I20200629 13:44:37.536909 28508 demo_run_graph_main_gpu.cc:88] Start running the calculator graph.
I20200629 13:44:37.540650 28508 demo_run_graph_main_gpu.cc:93] Start grabbing and processing frames.
INFO: Created TensorFlow Lite delegate for GPU.
I20200629 13:44:40.792667 28508 demo_run_graph_main_gpu.cc:160] Prepare video writer.
I20200629 13:44:45.500483 28508 demo_run_graph_main_gpu.cc:175] Shutting down.
I20200629 13:44:47.819614 28508 demo_run_graph_main_gpu.cc:189] Success!
Segmentation fault (core dumped)

Download the output file with following command using another window, which doesn't need disconnecting currend ssh connection.

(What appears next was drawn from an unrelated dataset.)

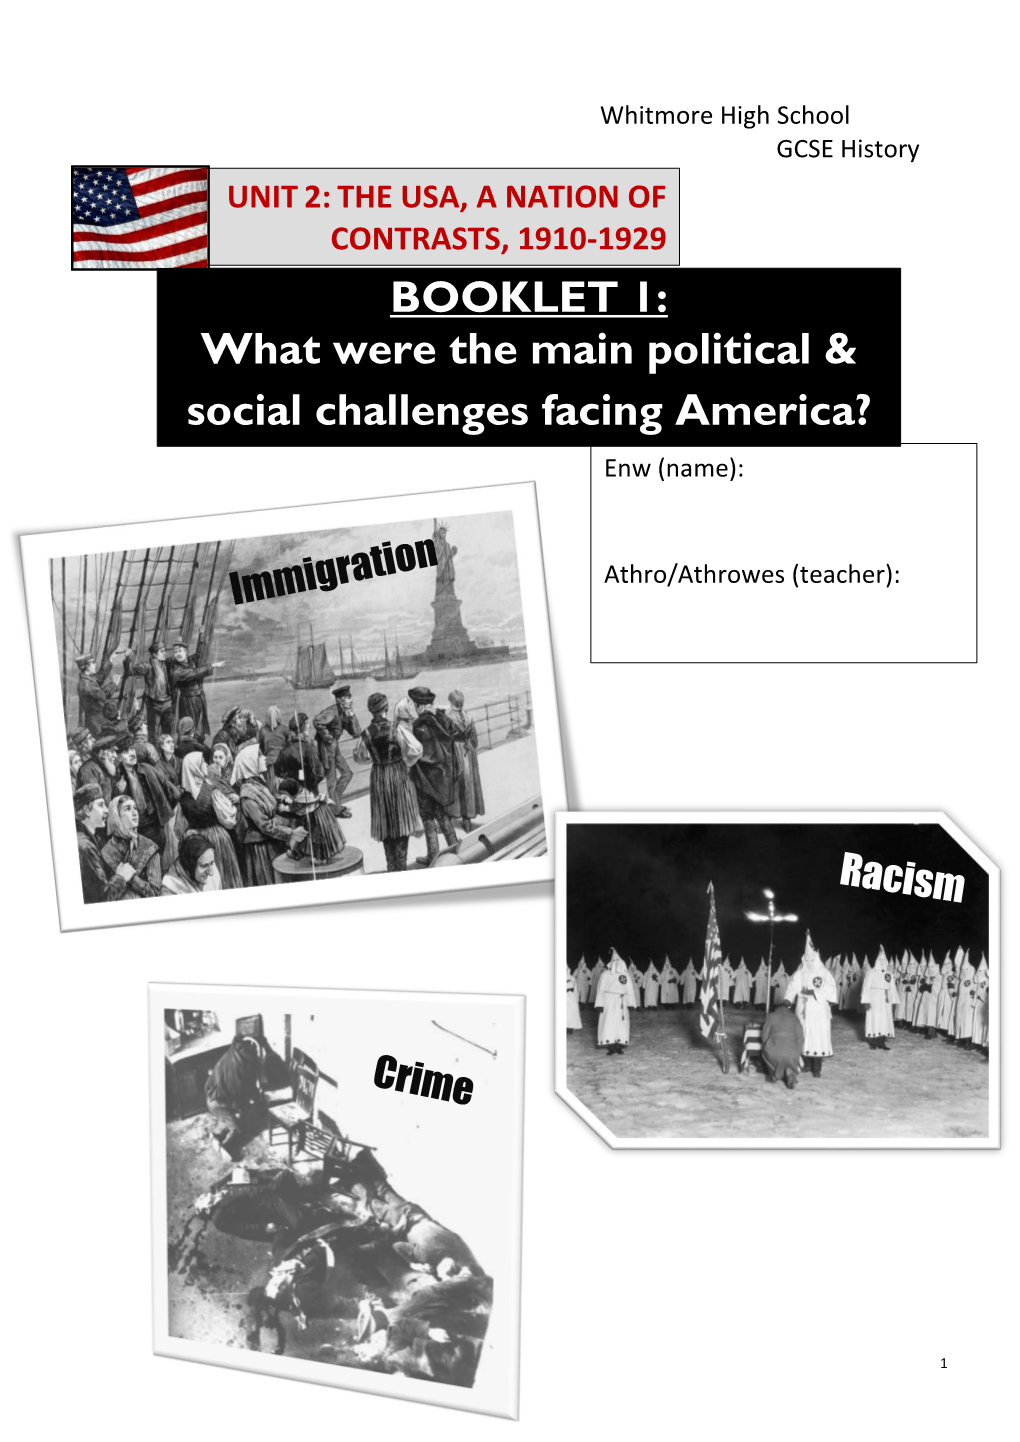 What Were the Main Political & Social Challenges Facing America?

Change the file path of the key pair, the address of the connection destination instance, the output file path, and the download destination file path as appropriate.

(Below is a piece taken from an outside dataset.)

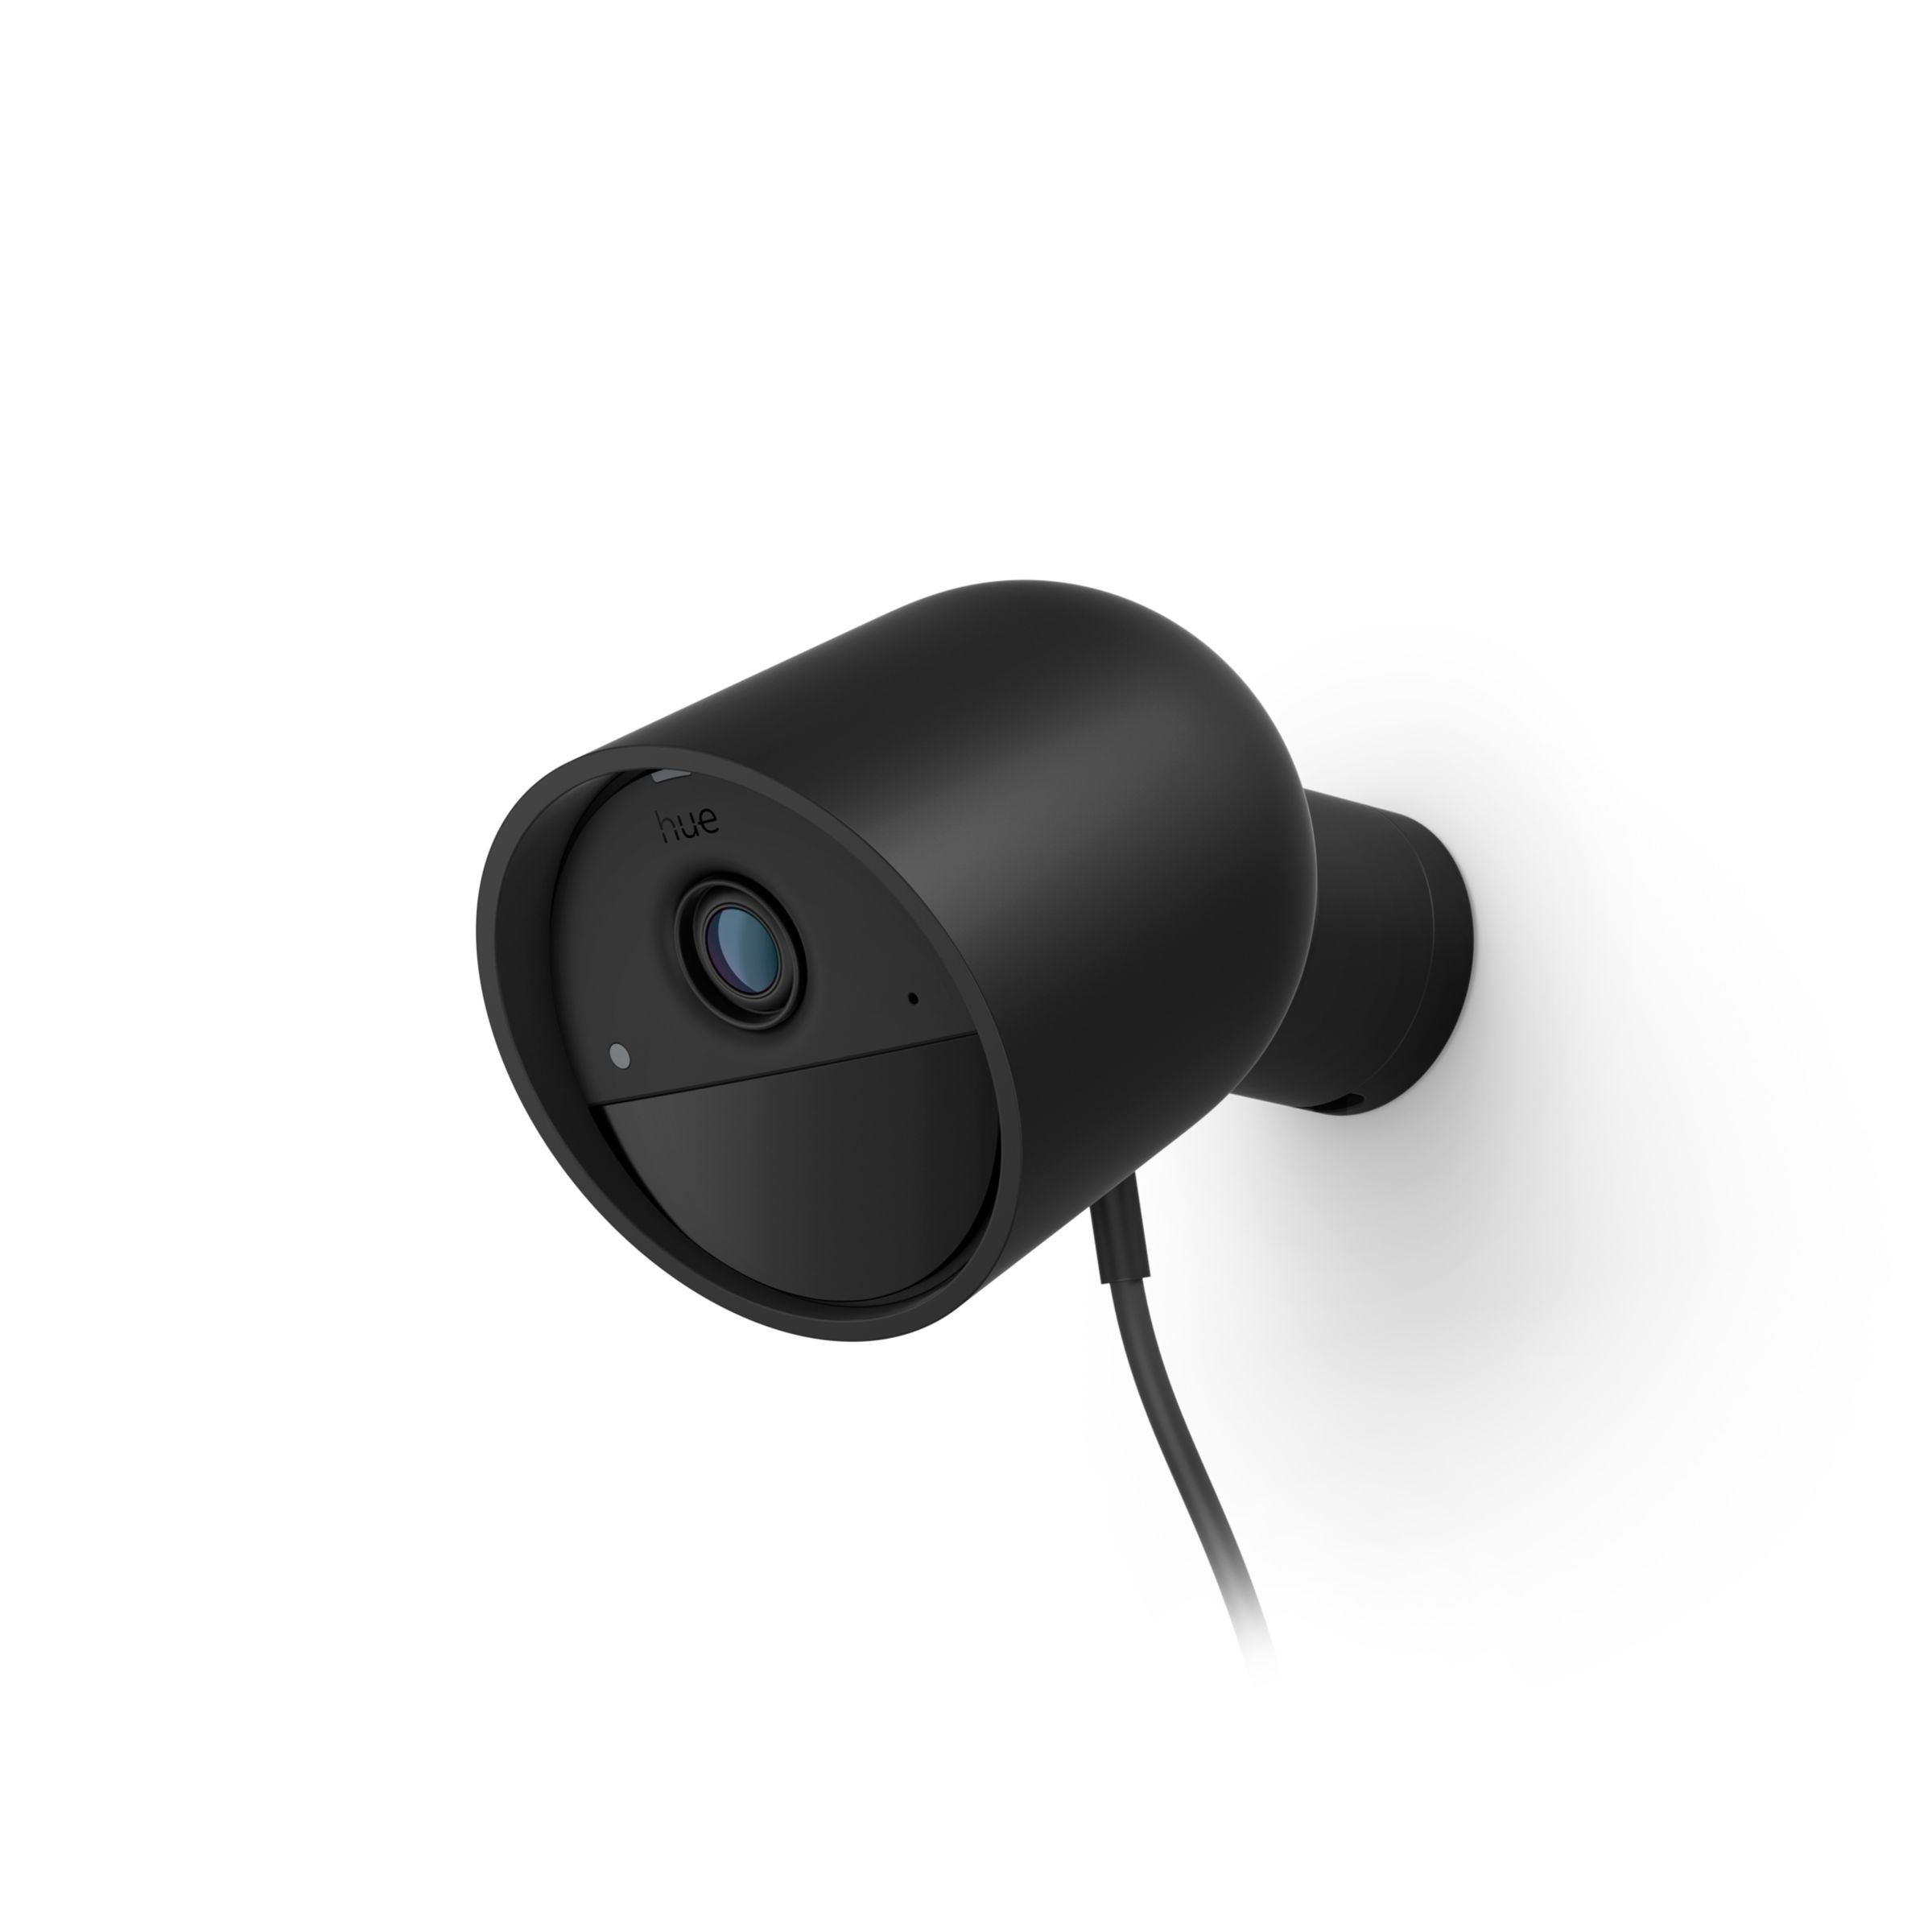 Hue Secure wired camera | Philips Hue US

scp -i "C:\path\to\key.pem" ubuntu@ec2-000-000-000-000.ap-northeast-1.compute.amazonaws.com:/home/ubuntu/mediapipe/video_gpu.mp4 .

Compare CPU and GPU processing speed

measurement

I used is a video in which two users and two or three hands are recorded. The resolution was 1920*1080[px], the time was 2[s], and the frame rate was 30[fps] (= 60 frames in all).

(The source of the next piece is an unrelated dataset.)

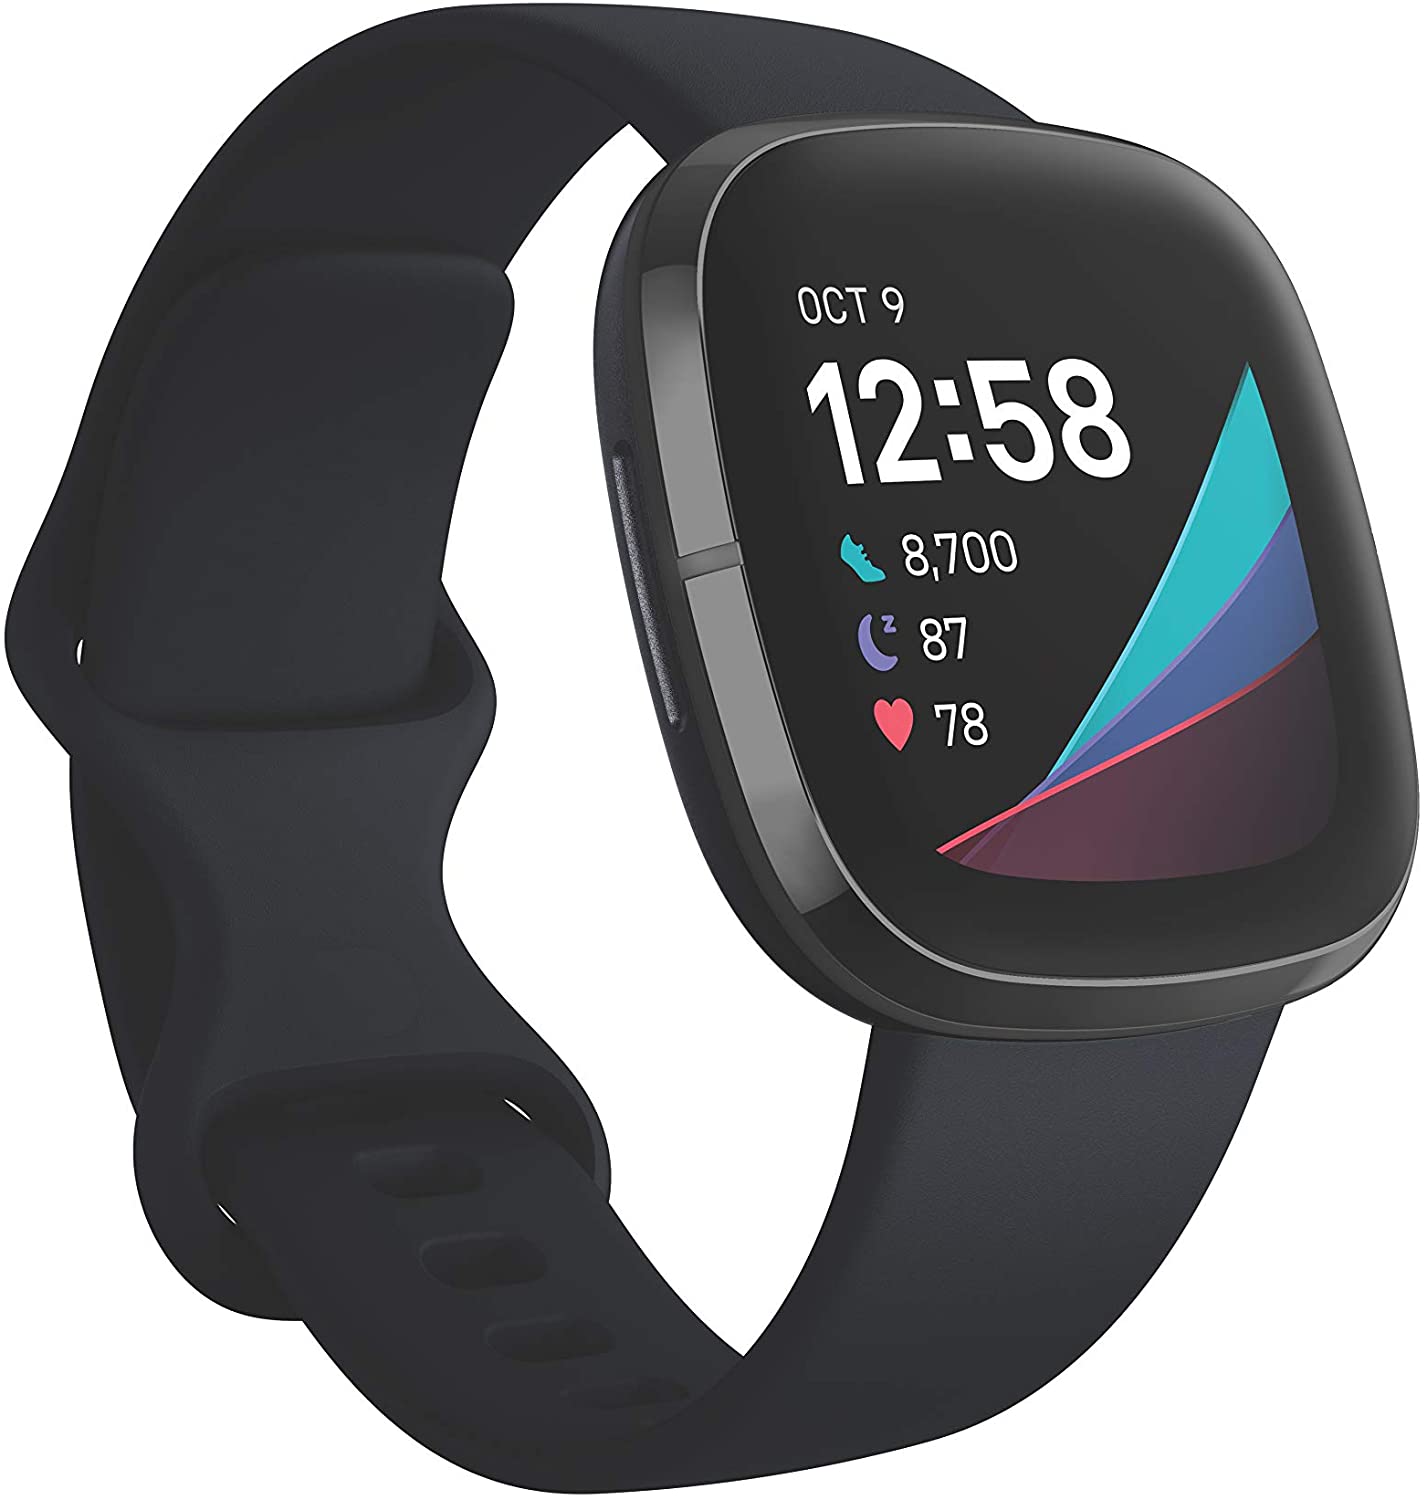 black smart watch with a digital display used for counting calories

The command for CPU is as follows. I modified "gpu" to "cpu" in above command.

bazel build -c opt --copt -DMESA_EGL_NO_X11_HEADERS --copt -DEGL_NO_X11 \
  mediapipe/examples/desktop/multi_hand_tracking:multi_hand_tracking_cpuexport GLOG_logtostderr=1
bazel-bin/mediapipe/examples/desktop/multi_hand_tracking/multi_hand_tracking_cpu \
  --calculator_graph_config_file=mediapipe/graphs/hand_tracking/multi_hand_tracking_desktop_live.pbtxt \
  --input_video_path="video.mp4" \
  --output_video_path="video_cpu.mp4"

For the measurement, the time from the program execution to the end was visually measured.

result

The result of measuring the processing time was as follows. Execution with GPU was much faster. It seems that there was a (overhead) part other than the main detection process, so the speed was higher than this value.

  • CPU: 36 seconds
  • GPU: 5 seconds

Summary

MediaPipe can now be run on Amazon EC2 GPU instances. We need to change the program a little more, but we are ready to upload the image or video from the store to Cloud and run detection with MediaPipe.

Next, I'll check how to run MediaPipe on the edge.